James Ruggia | June 10, 2016 12:30 PM ET
Stung Like a Bee in Diyarbakir
Poet John Donne once wrote that when a church bell tolls out for the dead it also tolls for the living, because every death diminishes the living to some extent. The bell recently tolled loudly for many of us when we heard about Muhammad Ali the other day.
My favorite Ali memory took place in 1986 outside of Diyarbakir in Eastern Turkey. I was staying in a flea bag hotel. The owner was dazzled by his latest toy from Germany, a remote control. He kept turning the TV on and off, from across the lobby. Shazam! And the TV was on!
In those days, Ali had shazam everywhere. A travelling carnival in a broken-down lot on the edge of town was a prominent event at a time when the Republic of Turkey was flat broke and even the currency was riddled with inflation. The carnival was operated, as town fairs often are, by a crew of drifters. Eastern Turkey, back then, was the most impoverished part of a poor country. Appalachia’s Appalachia.
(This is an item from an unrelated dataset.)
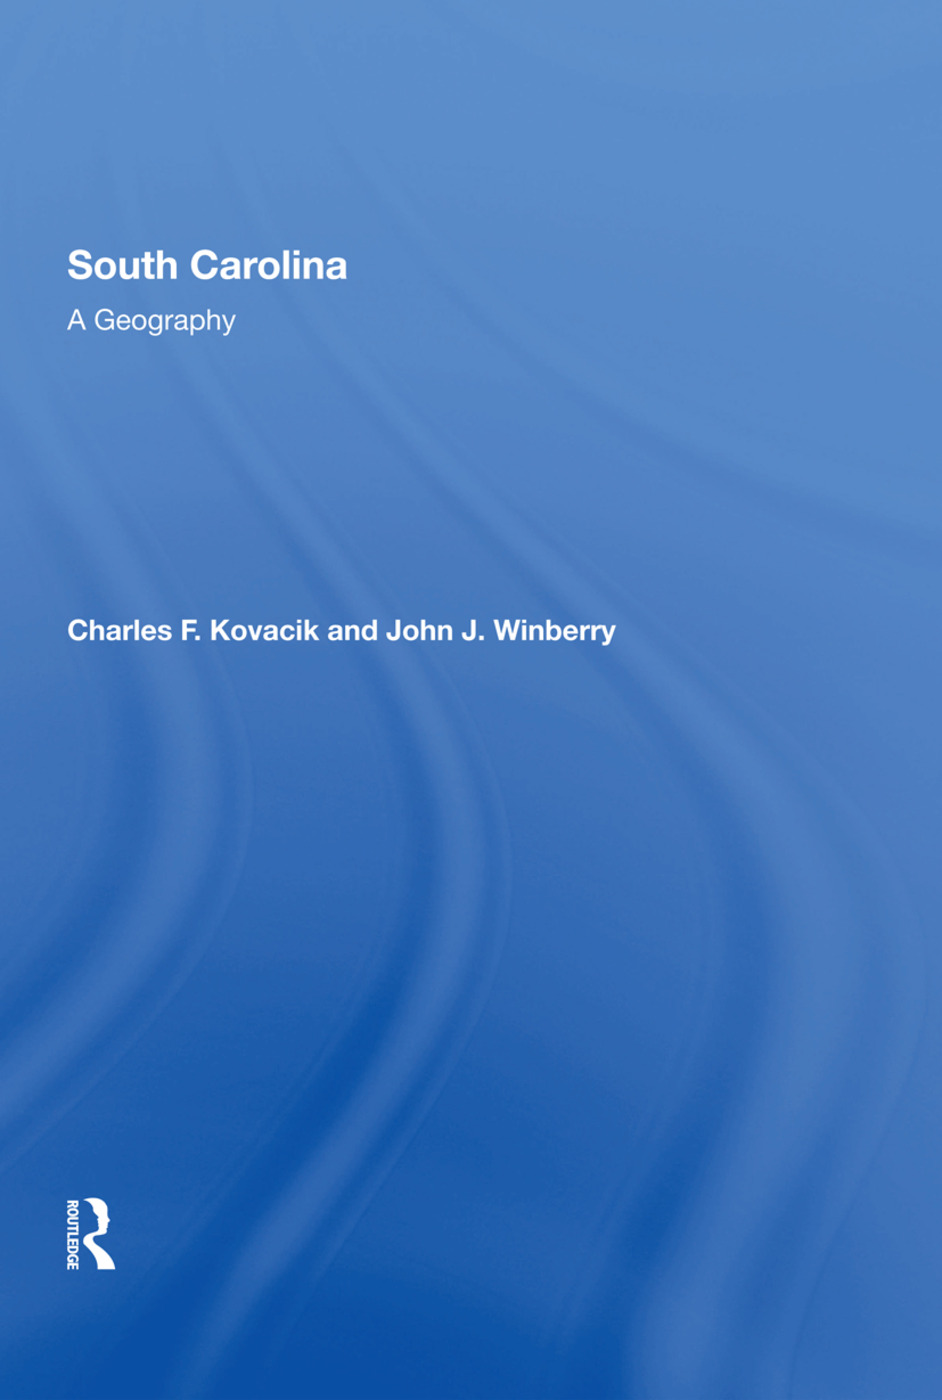 South Carolina: A Geography, 1st Edition (Hardback) book cover

The clowns at the carnival wore beat-up plastic shoes with fake plastic laces and the old ponies looked longingly at the public works hay trucks as school groups moved about drinking hot cups of salep and chai. In the center, one machine spun rusted swing-set swings in a circle faster and faster until the men on the swing were flying parallel to the ground.
As those unemployed men went round and round with no real place to go, I heard a high-pitched and tinny, “'çok güzel'!” (pronounced choke goo-zell) which is Turkish for “Very Beautiful!” and when I turned to look there was a plastic Muhammad Ali figure standing about 6 feet tall.
The Ali machine had a coin slot and a pillowed buffer covered with brown boxing-glove-leather for receiving the blows from players that rented their own boxing gloves in order to try their luck. Who could hit Ali the hardest and get a “çok güzel!”? If you really hit the fake Ali’s cushion extra hard, a hidden tape machine said “çok güzel,” much as a bell might ring at an American county fair if you hit the lever hard enough with your rubber sledge.
I figured that If Ali could get his own vending machine game out near Diyarbakir in 1986, he was among the most famous athletes on earth. Back then, Diyarbakir was the back end of nowhere and this was a suburb of Diyarbakir. With its black basalt castle walls and ancient mosque, it was always one of my favorite places.
Ali had won the championship in the ring and lost it in the courts. The greatest fighter of all time wouldn’t fight the Vietnamese on behalf of people who declared themselves his enemy. He won his championship back in the ring in 1974 at age 32.
Not too long ago, Turkey was a champ too. Last year nearly 37 million foreigners visited Turkey, about 800,000 of them American. Turkey had become the sixth-largest tourism destination in the world (after France, the USA, China, Spain and Italy). Now it’s down for the count again as ISIS has successfully, through its terror and propaganda, managed to attach Turkey to Iraq and Syria in the minds of potential tourists.
Back in 1986 Turkish tourism was also hurt by the film Midnight Express, before the country got really strong. It’s so hard to reconcile Turkey today and Turkey back then. Somehow, I know Turkey will return from its current nightmare. The challenges for Turkey will be larger than the challenges provided by Chuck Wepner, Jerry Quarry or even the Great Joe Frazier for Ali.
Turkey has everything for tourists: nature, history, nightlife, sea and city. Like heavyweight champions, the popularity of destinations rises and falls. At its peak, Turkey’s largest overseas markets were Germany, the U.K. and Russia. Germany and the United Kingdom are struggling with their own E.U. challenges and the collapse of petroleum has taken Russia off the map. U.S. travelers like to spend about 12 days and see Istanbul, the Aegean and the Mediterranean regions as well as Cappadocia.
For decades Turkey strove to be a member of the European Union (E.U.) with no success. Now some E.U. members are on the edge of leaving the union. Turkey likes to say Istanbul is located on the cusp of Europe and Asia and that Turkey is in the middle of both continents. But Asia doesn’t really begin until much further East and the role of country in the middle has never been so thoroughly tested by war and politics. The ‘Asia’ in Istanbul, is really the ‘Asia Minor’ that the Romans used to describe Anatolia. Istanbul is more centrally located between Europe and the Middle East than Europe and Asia. Now the country must decide which region it belongs to.
In many ways, identity is the most important question any of us have to answer and back in 1961 the Republic of Turkey gave the African American and Gay writer, James Baldwin, a country he could love without proclaiming any racial or sexual policy. When he went there he could just be himself. Muhammad Ali had no such luck. The America of 1966 put him against the ropes and compelled him to announce his identity. The idea was to shout him down, but this fighter who wouldn’t kill, this essentially humble man shouted louder.
Without him, the world feels different today. We had a champion and now there is none, just a lot of athletes who stand for themselves and the contracts they signed. He was the Greatest and in resisting the authorities of his time, he fought for America.